There was another instance in the late seventies where I was so hated by one of D.C.'s top writers (and his inker partner) that what should have been a petty squabble turned into an "us or him" situation. It was so cut-throat that this writer and inker put it to Paul Levitz like this: "Either Rich goes or we do."
Now, I'm one of those people that doesn't take crap from anybody -- I don't mean that like it's some nasty attitude I carry around (I don't) -- it's just part of what makes me who I am, and by that time this was no secret to people I worked with. I wouldn't take anybody's crap, but neither did I give it out. I just kept to myself at all times and stayed focused on my work. So this whole thing sort of hit me sideways.
What had happened was that this particular writer was given a space to work in and it happened to be in the same spare office at D.C. that I occupied. He couldn't concentrate and with some visible anxiety he put it to me like this: he found it impossible to work because my constant pencil sharpening (I had an electric sharpener then) was annoying him. Sound a bit ridiculous? I thought so. In no uncertain terms he then indicated that this situation was intolerable. Apparently, just my presence there was not even acceptable. Where was that coming from?

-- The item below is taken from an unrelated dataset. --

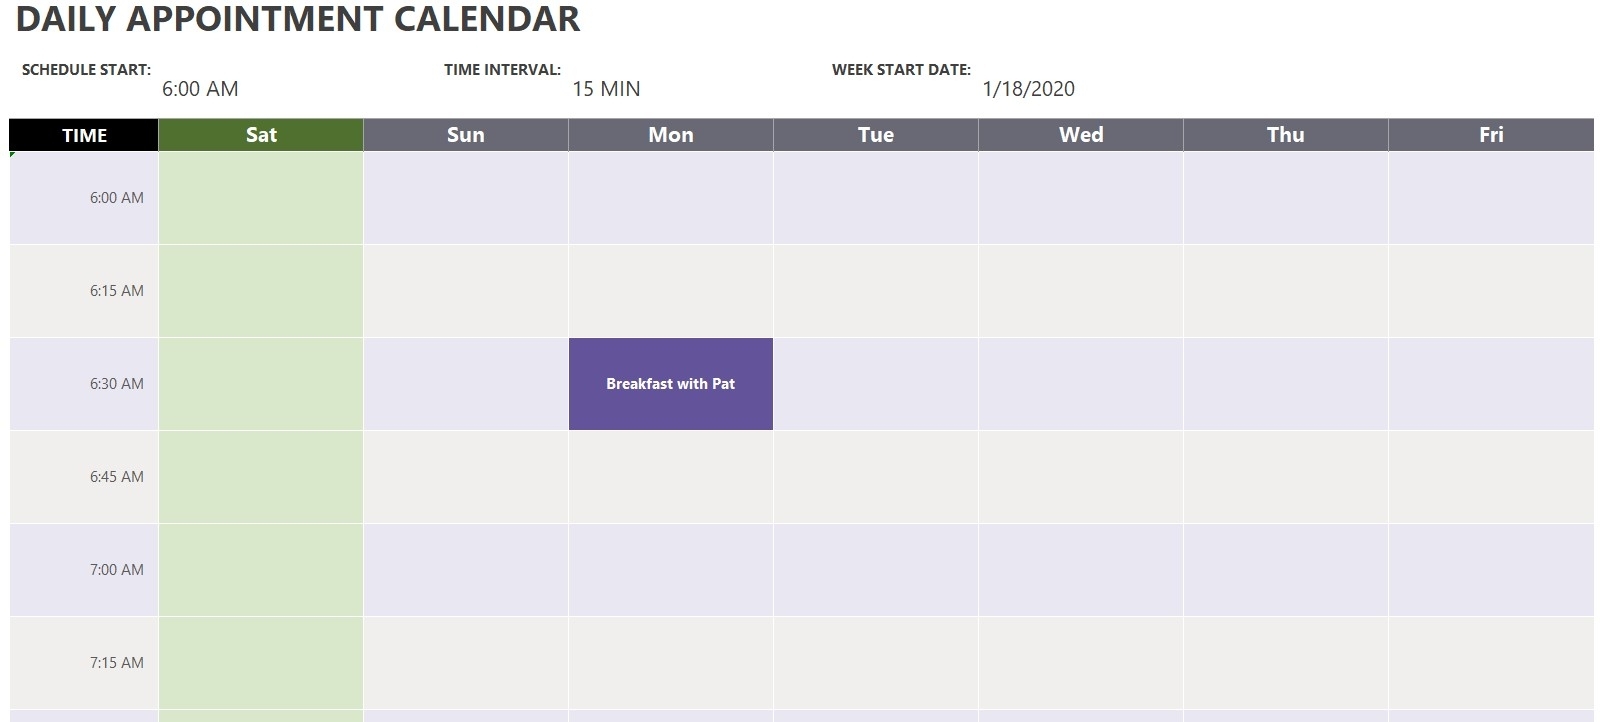 Daily Appointment Calendar Template | Excel Templates
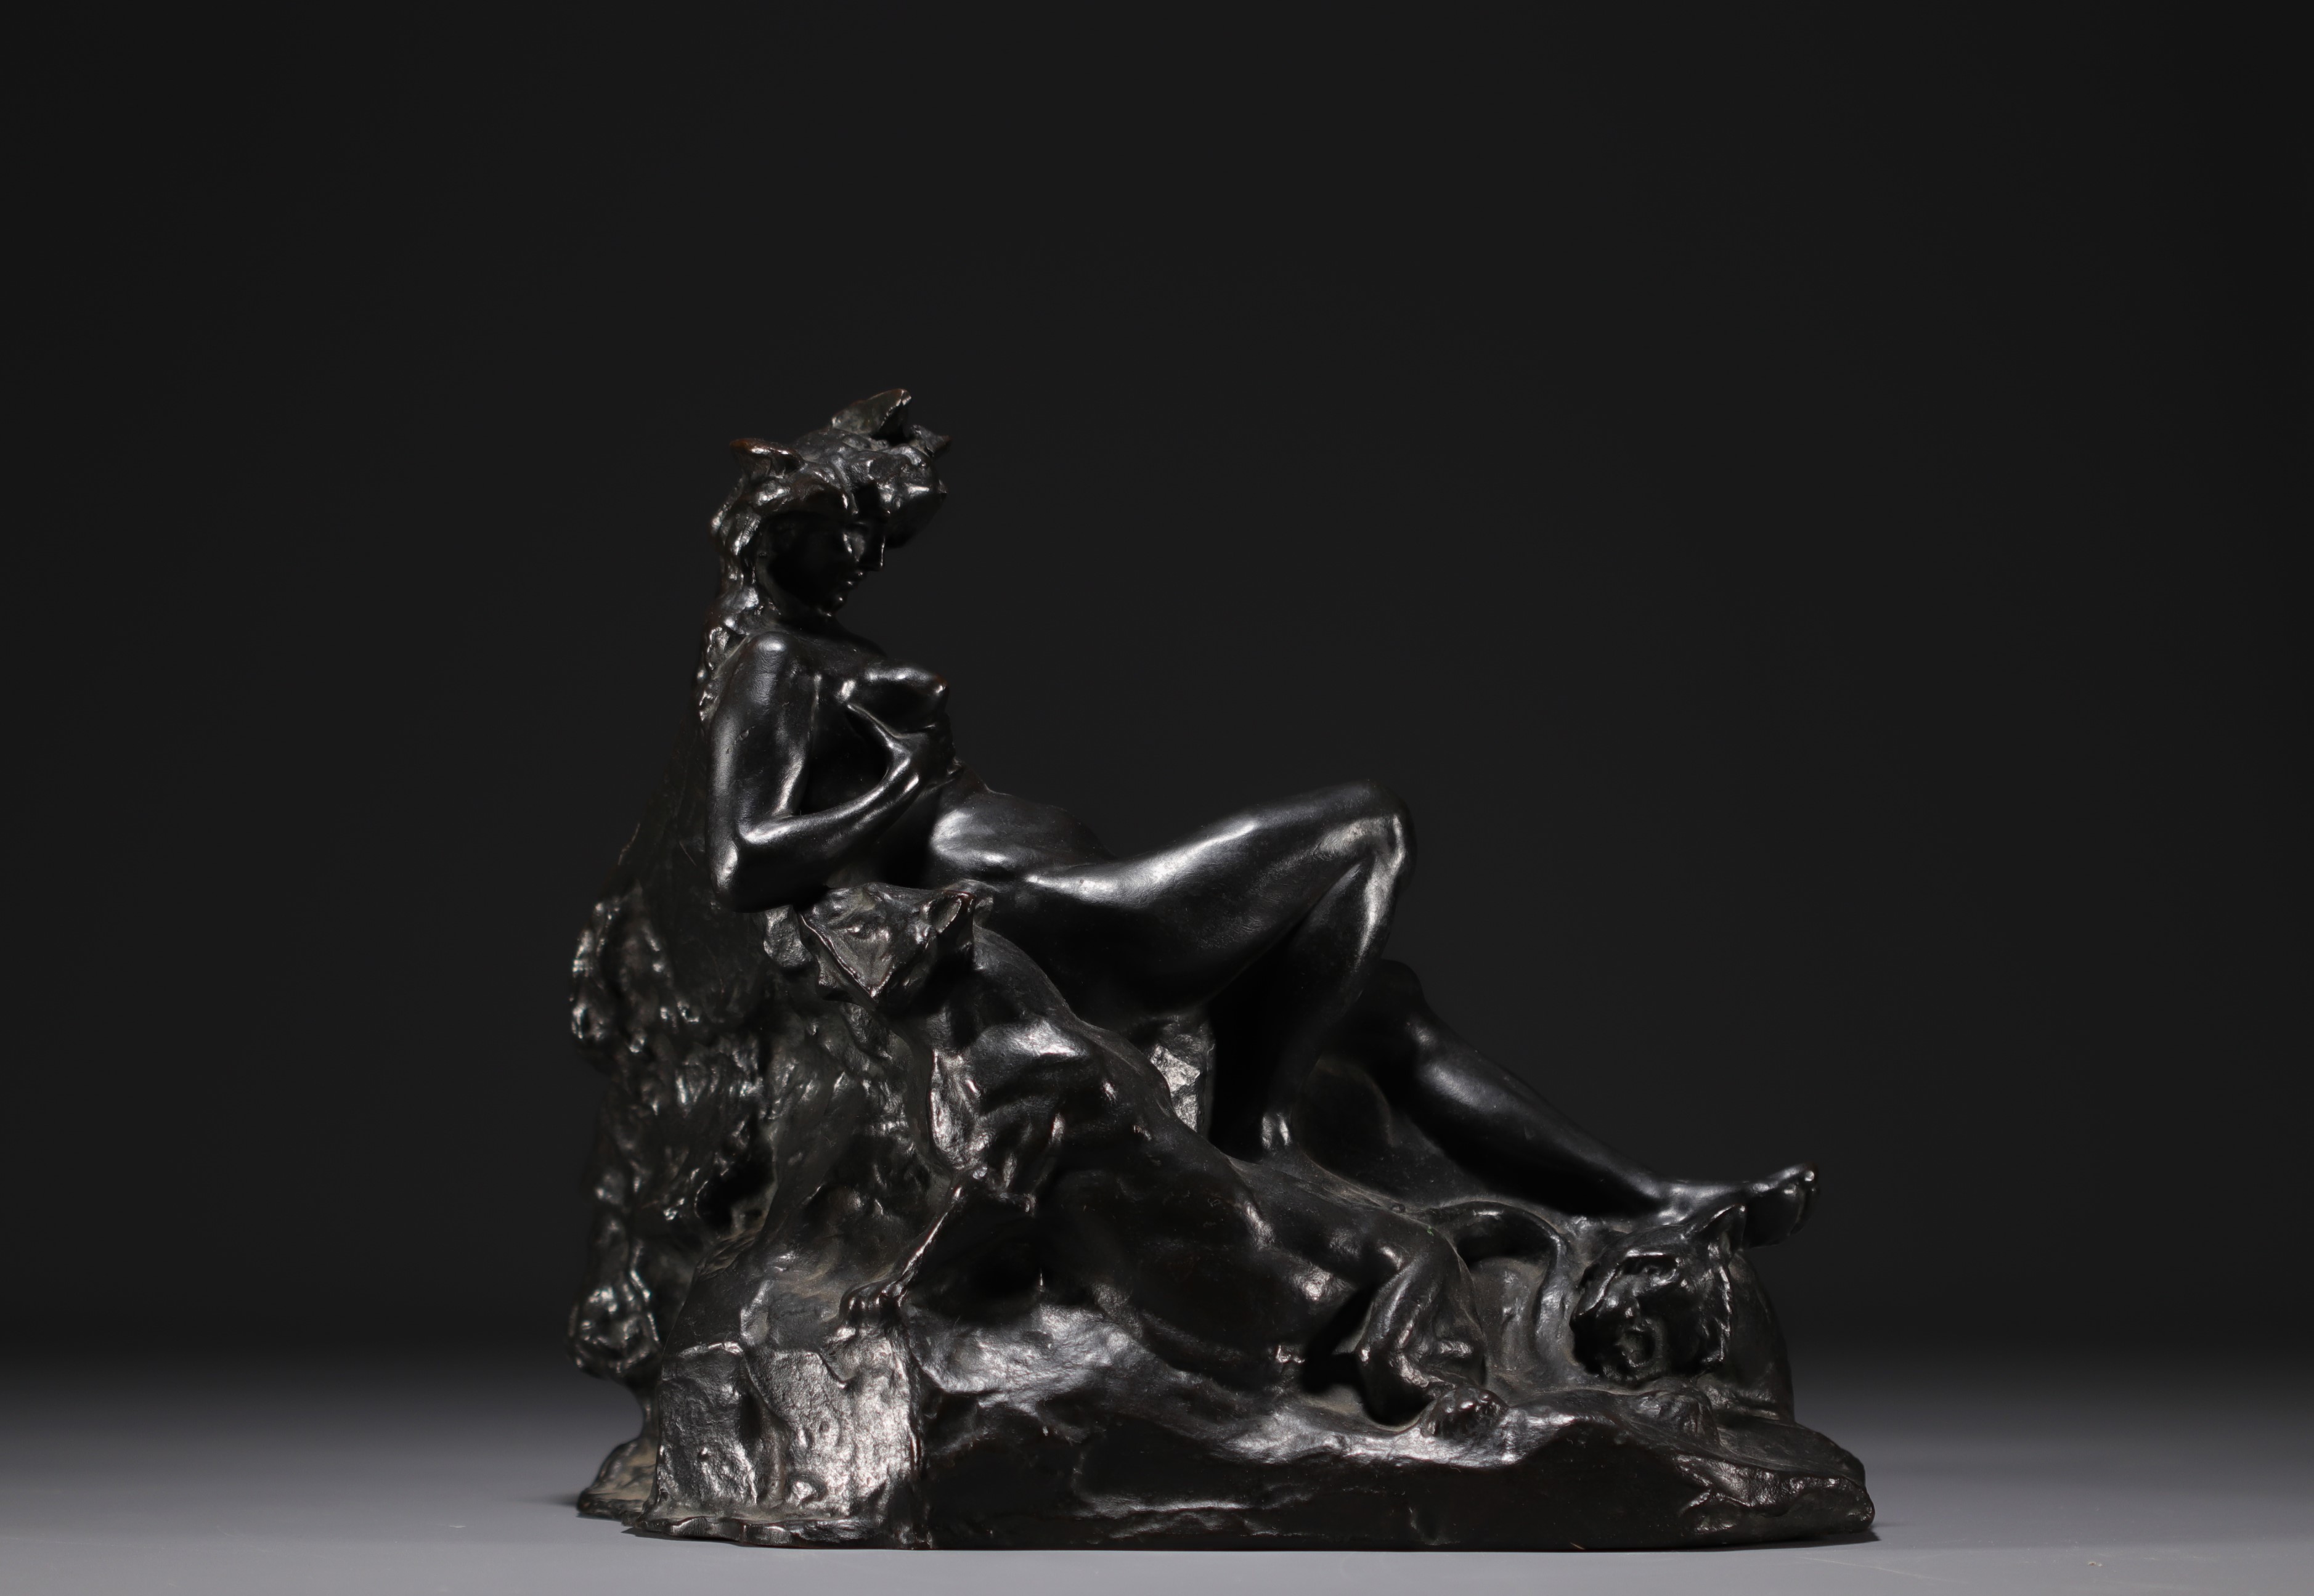 Auguste PUTTEMANS (1866-1922) "Jeune femme nue a la pantheres" Sculpture in bronze with black patina - Image 5 of 6

I have to admit, I was not all that accommodating when I told him: "Interesting. I hear your typewriter clacking away continually and I'm not having any trouble concentrating all." Come on, I thought, we were both grown ups, right? Either he had to somehow deal with it or he could find another space to work in -- so no big deal, right? As far as I was concerned that was the end of the matter and I went back to my drawing.
Paul Levitz, who was Editorial Coordinator at that time, called me into his office on this shortly after that little spate and he told me about this "prima donna" creative team's ultimatum. He said, matter-of-factly: "Their position is, either I fire you, or they leave. What do you think about that?"
Shortly afterward, both of my "sworn enemies" left D.C. I never did find out what had inspired such enormous hatred. In this business (the entertainment business, really -- and it is much like Hollywood), there are creative people of all kinds. Most of them are wonderful to work with -- but some of them have difficult personalities and monstrously huge egos. I have already recounted some of my difficulties with Deathlok on the editorial side. So it should come as no surprise to comics fans that behind-the-scenes nonsense like I just described does actually happen a lot in comics.
For the most part, up to that time I had a point of view that was still very much a wide-eyed comic book fan way of seeing the business (I know better now). I knew how lucky I was to even be in the business! It was unnatural for me even to view any other working professionals as competitors -- especially considering that the industry was so small and there always seemed to be enough work for everybody.
So, along the way, I would help a few others to get started, like George Perez, Jim Lee, Todd McFarlane, Mark Texiera, Denys Cowan, Lou Manna, Willie Blyberg, Jackson Guice, Klaus Janson, Carlos Garzon, Ricardo Villagran and Eduardo Barretto -- and of course, my friends from Detroit, Arvell Jones and Keith Pollard.
I figured, why not? Other industry stalwarts like Neal Adams, Dick Giordano and Jack Kirby had used their influence to open doors for me and other young upstarts. I was just continuing that tradition and giving something back.
Who were my least favorites? Well, they know who they are.
Now, on to discussing the craft of the comic book artist. I have a few observations I would like to make. By the late seventies I had already drawn over a thousand comic book pages and tens of thousands of figures. That is pretty amazing, considering how close to a "realistic" look some comics artists (me included) could get without ever drawing from models or photographs. It was still cartooning but in terms of "realism" and detail it was far more sophisticated than almost anything from the generation before.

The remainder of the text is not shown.